If this election campaign has produced one message from voters it is that people want change – real and meaningful change. And many are looking beyond the tired ideas and failed policies of Fine Gael and Fianna Fáil. They’ve seen it all before and now they are actively looking for a viable alternative. Sinn Féin is that alternative.
Sinn Féin is offering a genuine vision for change; to fix the housing crisis, reduce the cost of childcare, and give workers and families a break. We are for a government that works for Irish unity and for the people.
Fianna Fáil and Fine Gael have had their chance. They have failed. In the last Dáil they smothered and suffocated any prospect of real change. Fianna Fails support for Fine Gael was a brake on that. Politics was more or less confined and reduced in that Do Nothing Dáil. But now the people will have their say on all that. Fine Gael and Fianna Fail are standing more candidates than us. We need to contest more constituencies with them. But that also will happen. It’s a long game but this cadre of republicans are long headed and in for the long run. It’s all about bringing about positive change. Planting seeds of resistance and republican values.

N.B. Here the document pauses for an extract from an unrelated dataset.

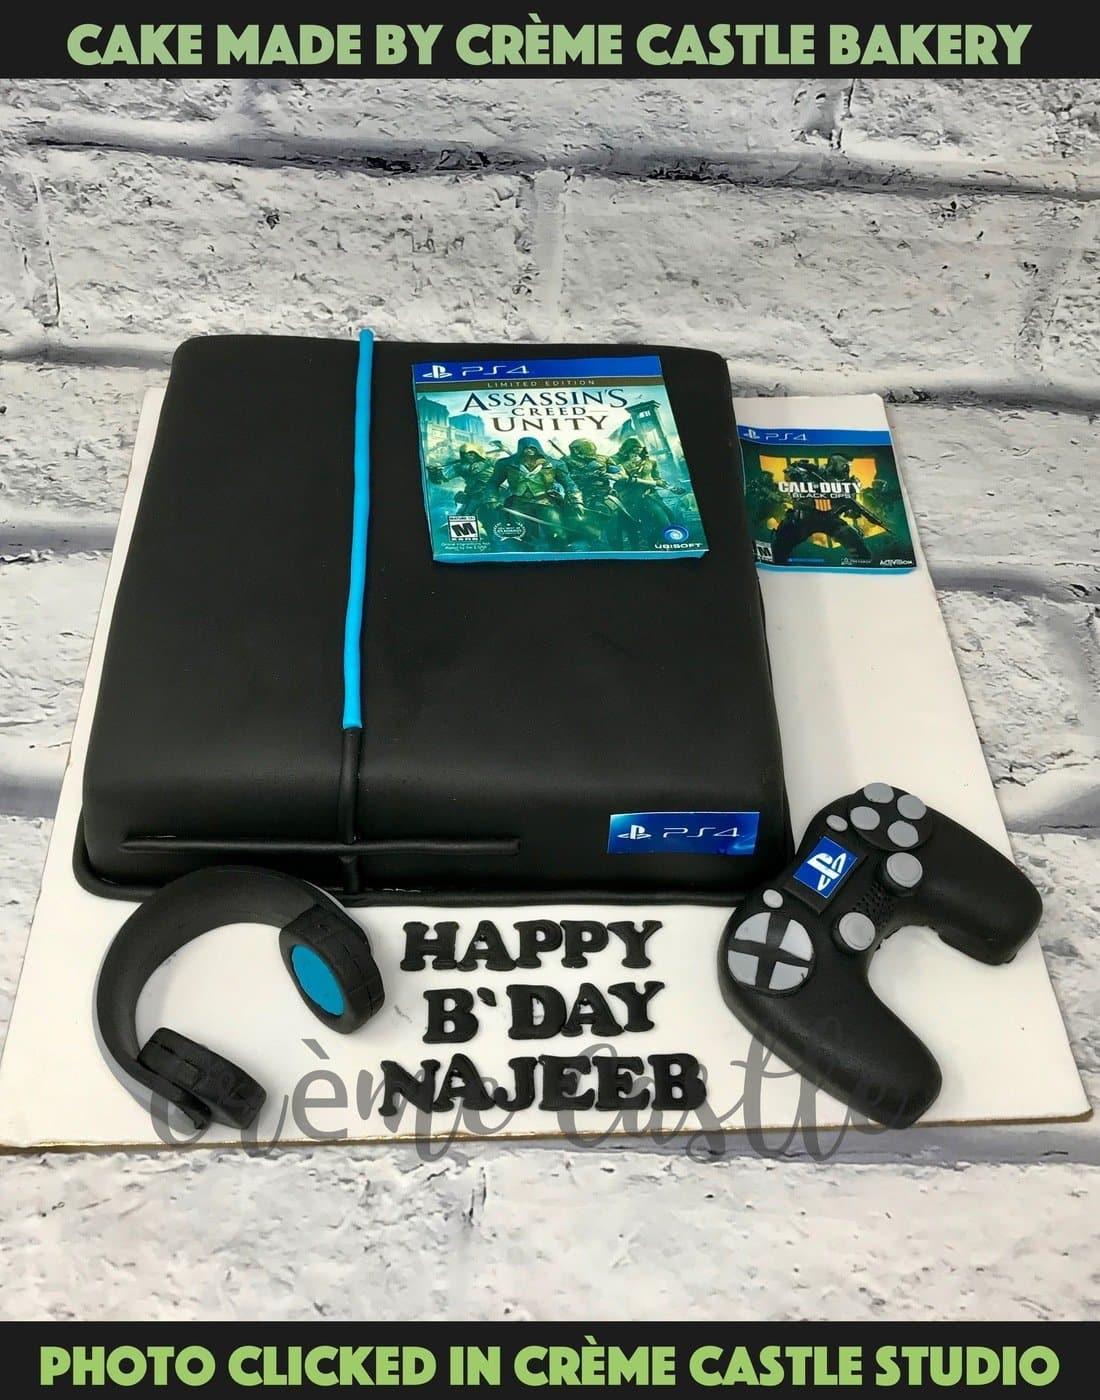 Play Station Theme Cakes - Creme Castle

This election could see the political landscape changing once again. It may not be as transforming as many of us want and as many citizens need, at this time. Fianna Fail could do better than the polls suggest. Some Fine Gael voters may swap to them to keep Sinn Fein out. And both Fine Gael and Fianna Fail are each standing more than double the number of Candidates that Sinn Fein is standing. Nonetheless change is coming. If you want that change, be the change you want.
Micheál Martin and Leo Varadkar do not represent change. Mary Lou and the leadership team and Sinn Féin do. So on Sunday as the votes are counted we will see if the southern electorate agree. Ádh mór to all Sinn Féin candidates and activists and their families. Àdh mór to our leadership. And a word of thanks in advance to all Sinn Féin voters.